## GPT API calls for Type 1 Constraint generation

In [None]:
import openai
from openai import OpenAI
import pandas as pd
from datetime import datetime
import os
import openpyxl
from dotenv import load_dotenv
from anthropic import Anthropic

In [None]:
# from google.colab import drive
# from google.colab import files
# drive.mount('/content/drive')

In [None]:
# path = "<Enter path to CSV file containing stories and their corresponding instruction.>"
# output_path = "<Enter path to CSV file where constraints are to be stored."

In [None]:
# df = pd.read_csv(path)
# df.head()
# # Ensure indexing of df starts at 0

In [None]:
load_dotenv()
api_key = os.getenv('OPENAI_API_KEY')

client = OpenAI(api_key=api_key)

In [None]:
claude_api_key = os.getenv('CLAUDE_API_KEY')
claude_client = Anthropic(
    api_key=claude_api_key
)
print(claude_api_key)

In [None]:
# # system_prompt = """You are a writing expert. I am going to give you a blog as an input. You can assume that a large language model (LLM) generated the blog.
# # Your task is to generate a set of 39 free-form constraints from the blog that you think might have been given to the LLM to generate the blog.
# # DO NOT REPEAT CONSTRAINTS. I am looking for a variety of creative, free-form constraints pertaining to the content of the blog. These constraints need to be atomic. An atomic constraint refers to a single, indivisible constraint/condition. If a constraint encompasses multiple conditions or constraints and can be decomposed further, please do so.
# # Avoid using proper nouns in your constraints. Try to generate constraints that satisfy/drive at least a few sentences in the blog (do not write very specific constraints that will be satisfied by only one line of the blog).
# # Read the input blog carefully, and come up with 39 content-related constraints. These should strictly pertain to the ideas, arguments, or narrative direction of the blog and impact how the blog develops.
# # If (and only if) you cannot write 39 atomic, content-based constraints, give me stylistic constraints based on how the blog is written. These could talk about the tone of the language, use of examples, voice (first/third person), mood, formatting, etc.
# # Write all the constraints in the form of instructions. For example, if you want to write "The blog should include practical tips.", phrase it as "The blog should include practical tips."
# # """

# prompt_examples = """ Here is an example -

# Input -
# Working from home has become the new normal for millions of professionals worldwide. While it offers flexibility and eliminates commutes, it also presents unique challenges that can impact both productivity and well-being.

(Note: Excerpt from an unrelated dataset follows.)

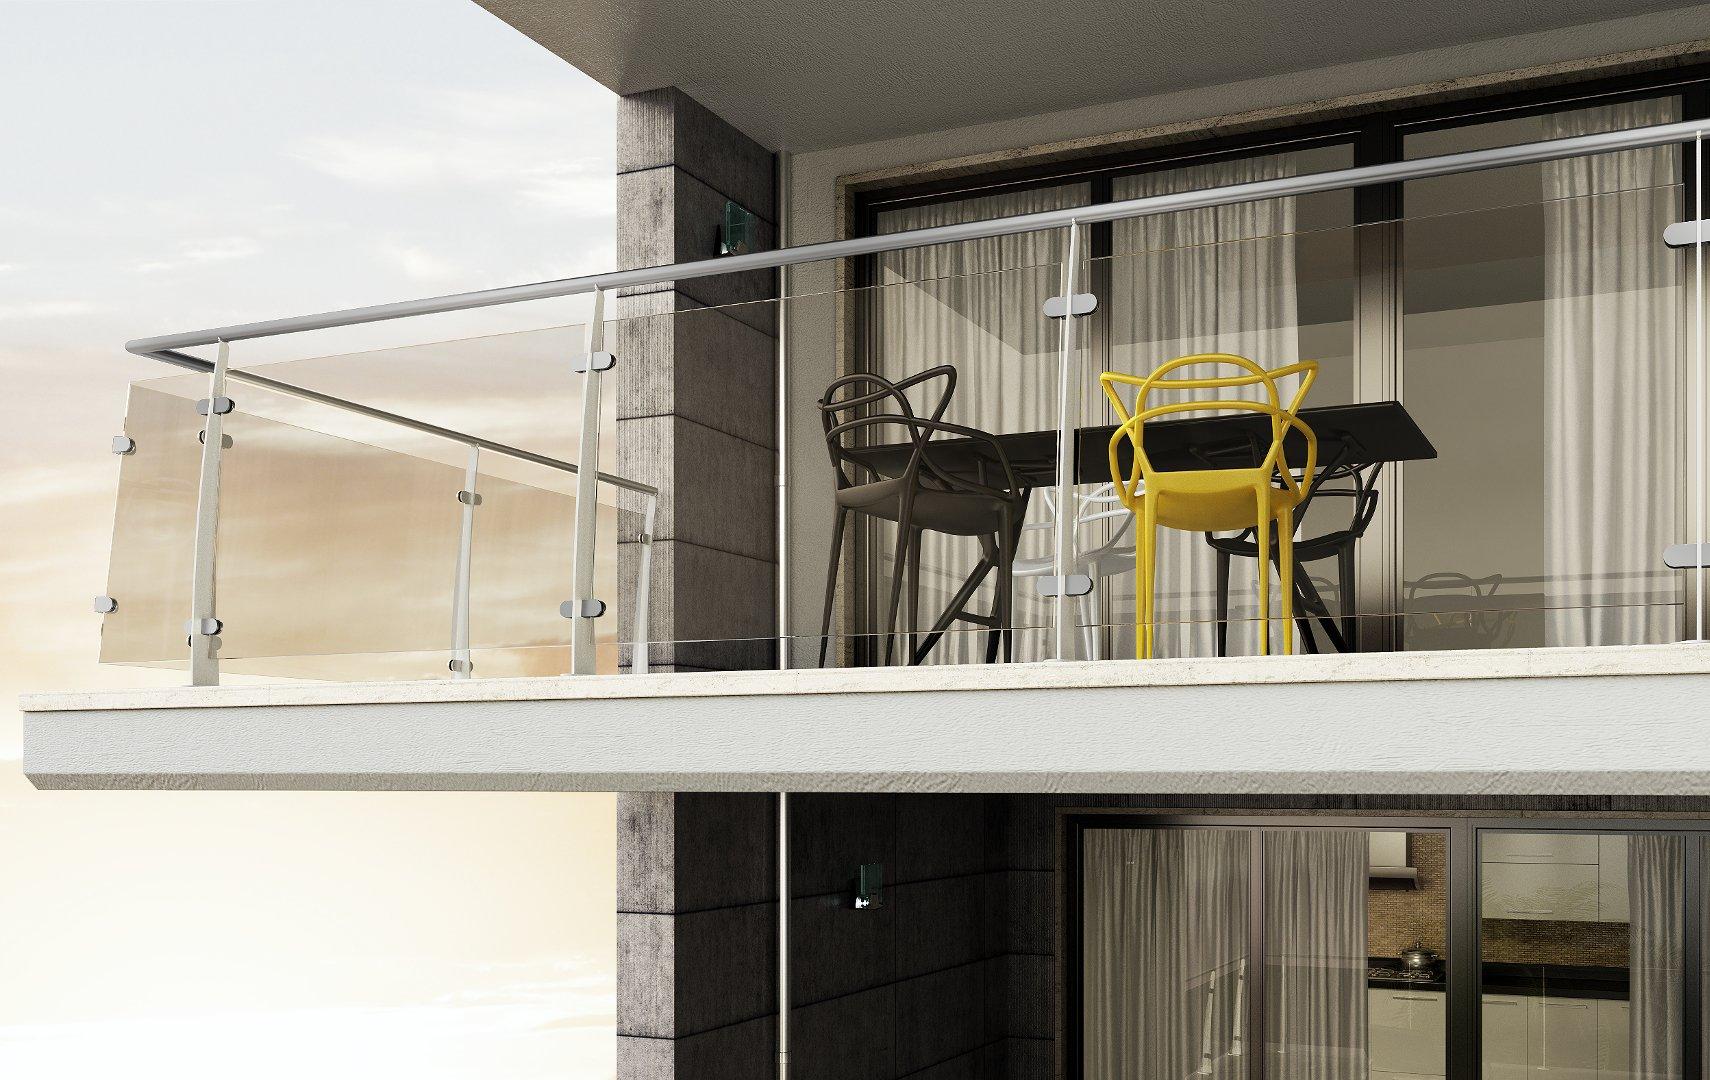 Rod200 rg ringhiere per scale interne le puoi trovare in legno e in vetro - Ringhiere in vetro per scale interne prezzi ...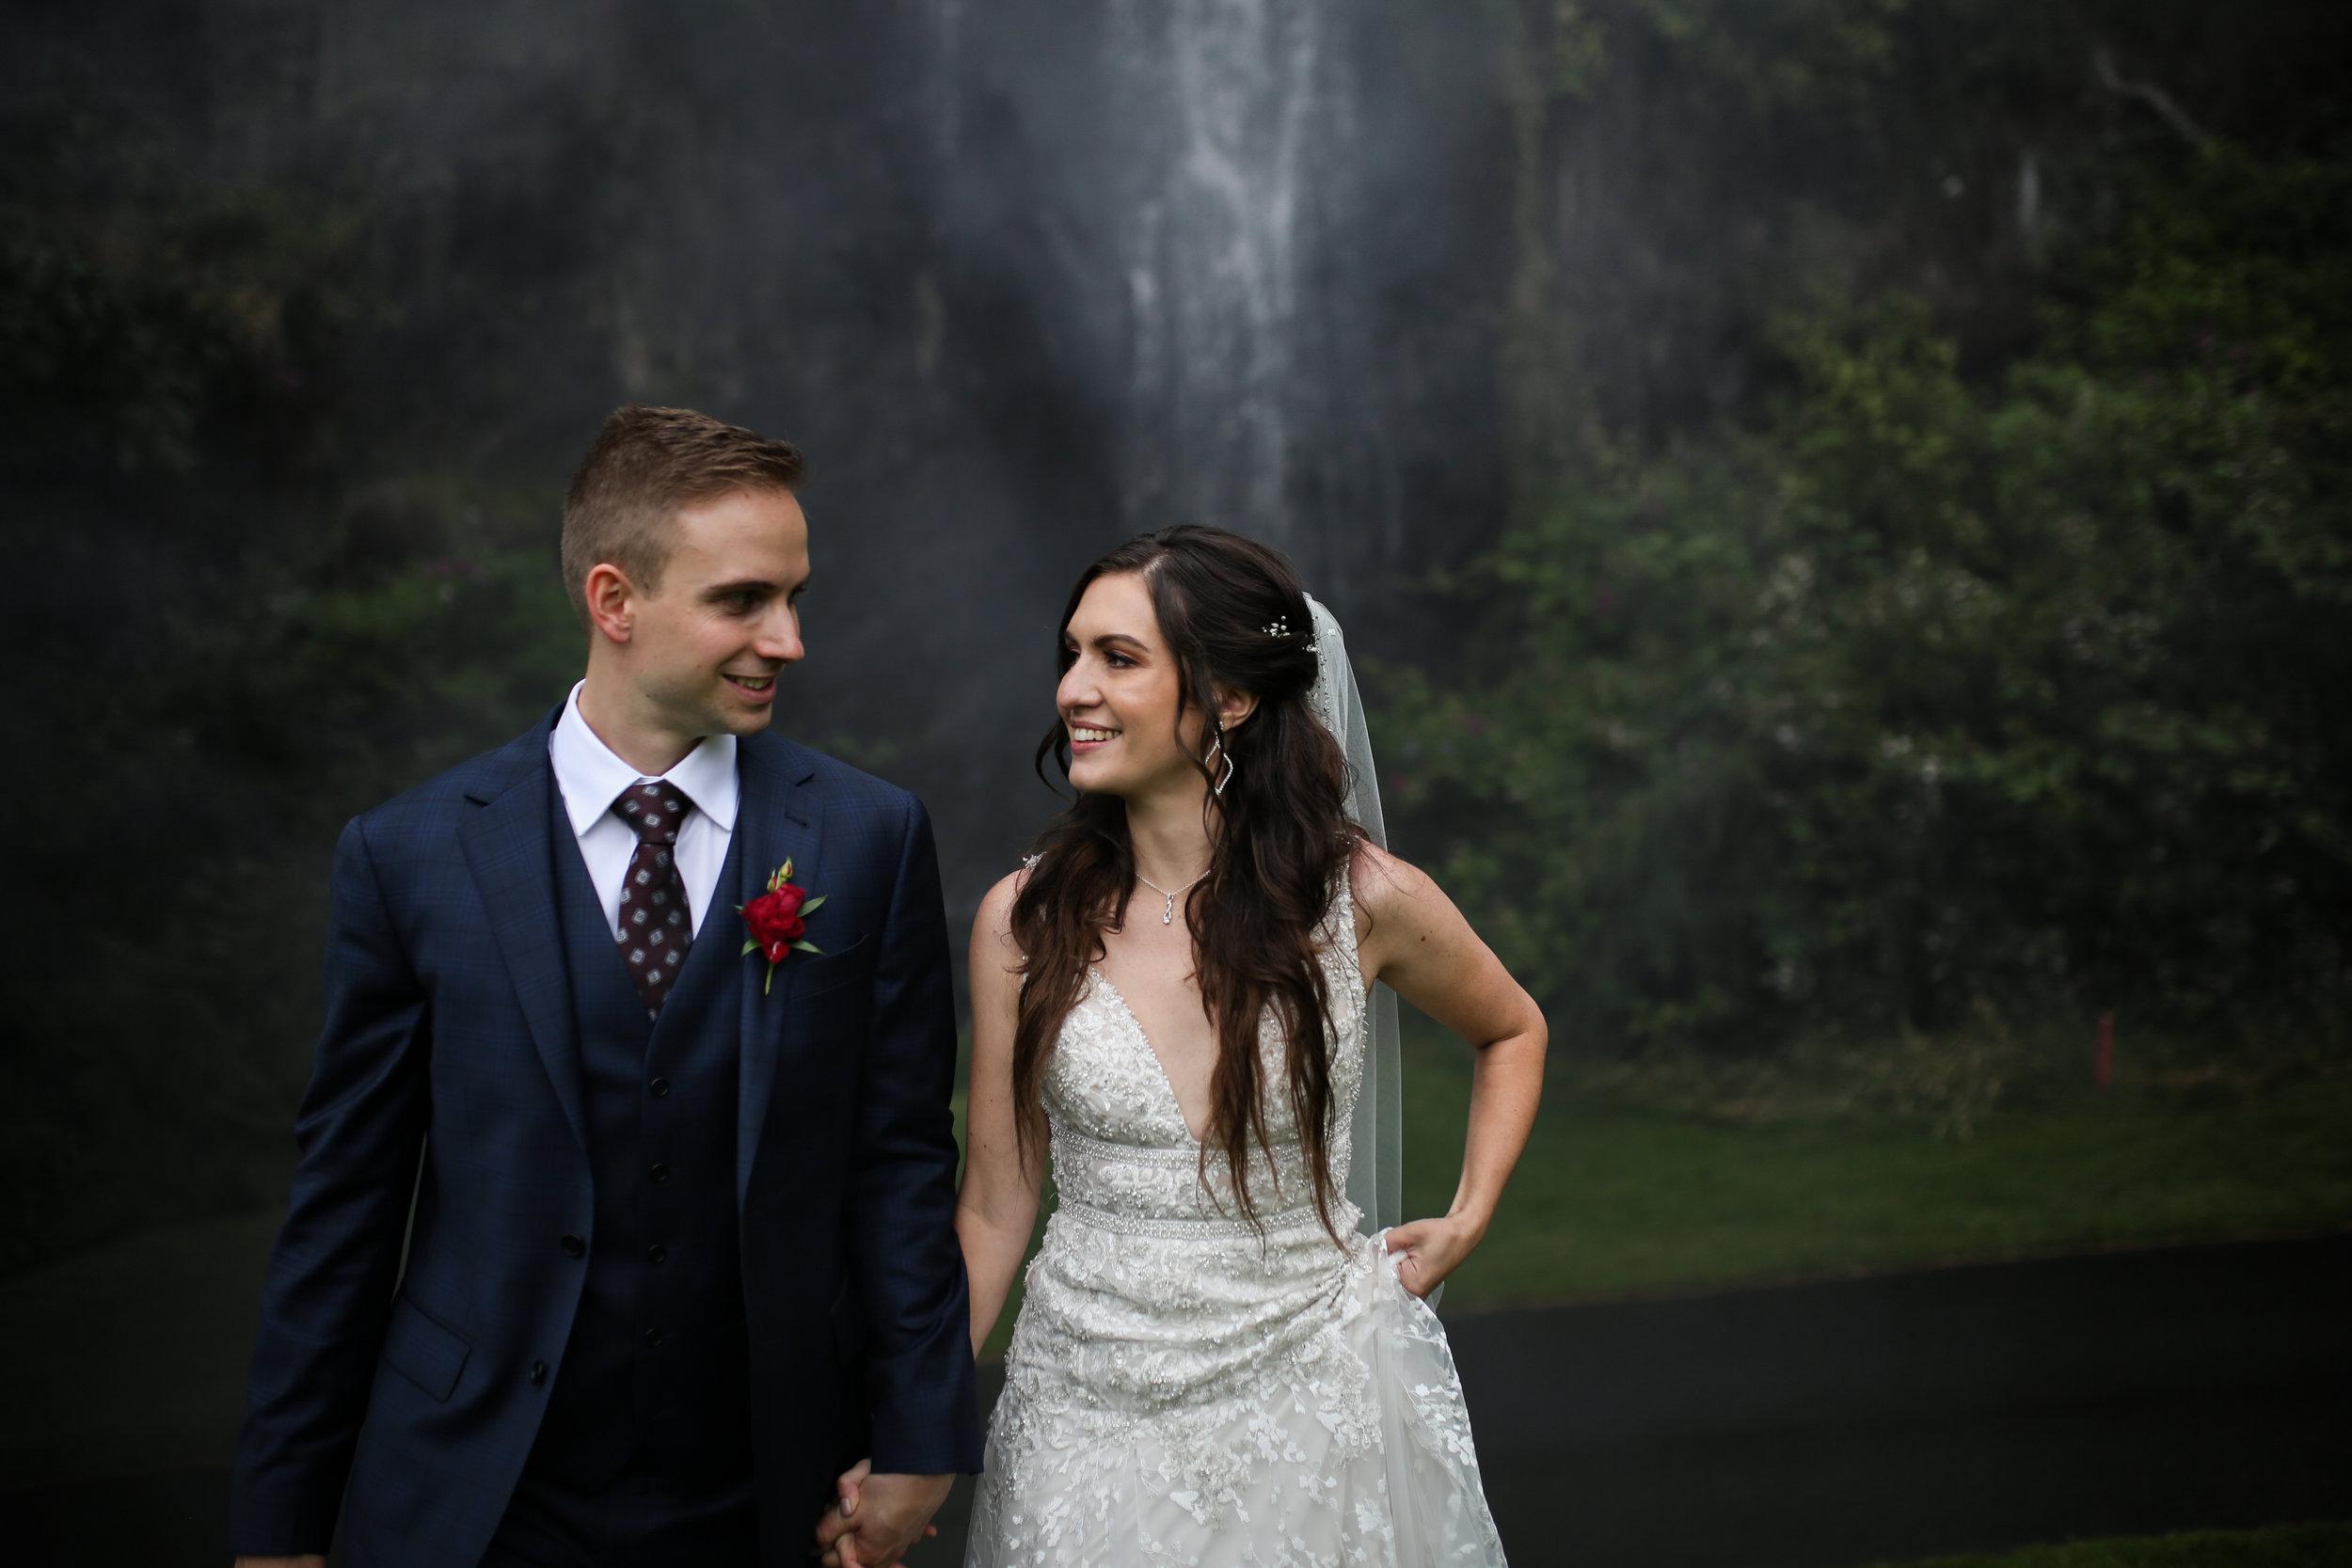 38 Adam Ziorio Photography - Allison & Austin's Wedding.jpg

# To optimize your home workspace, start by creating a dedicated area free from distractions. This space should have good lighting, comfortable seating, and all necessary equipment within reach. Many experts recommend facing a window for natural light, which can boost mood and energy levels.

# Establish clear boundaries between work and personal time. Set specific work hours and stick to them, just as you would in an office. Communicate these boundaries to family members or housemates to minimize interruptions during work hours.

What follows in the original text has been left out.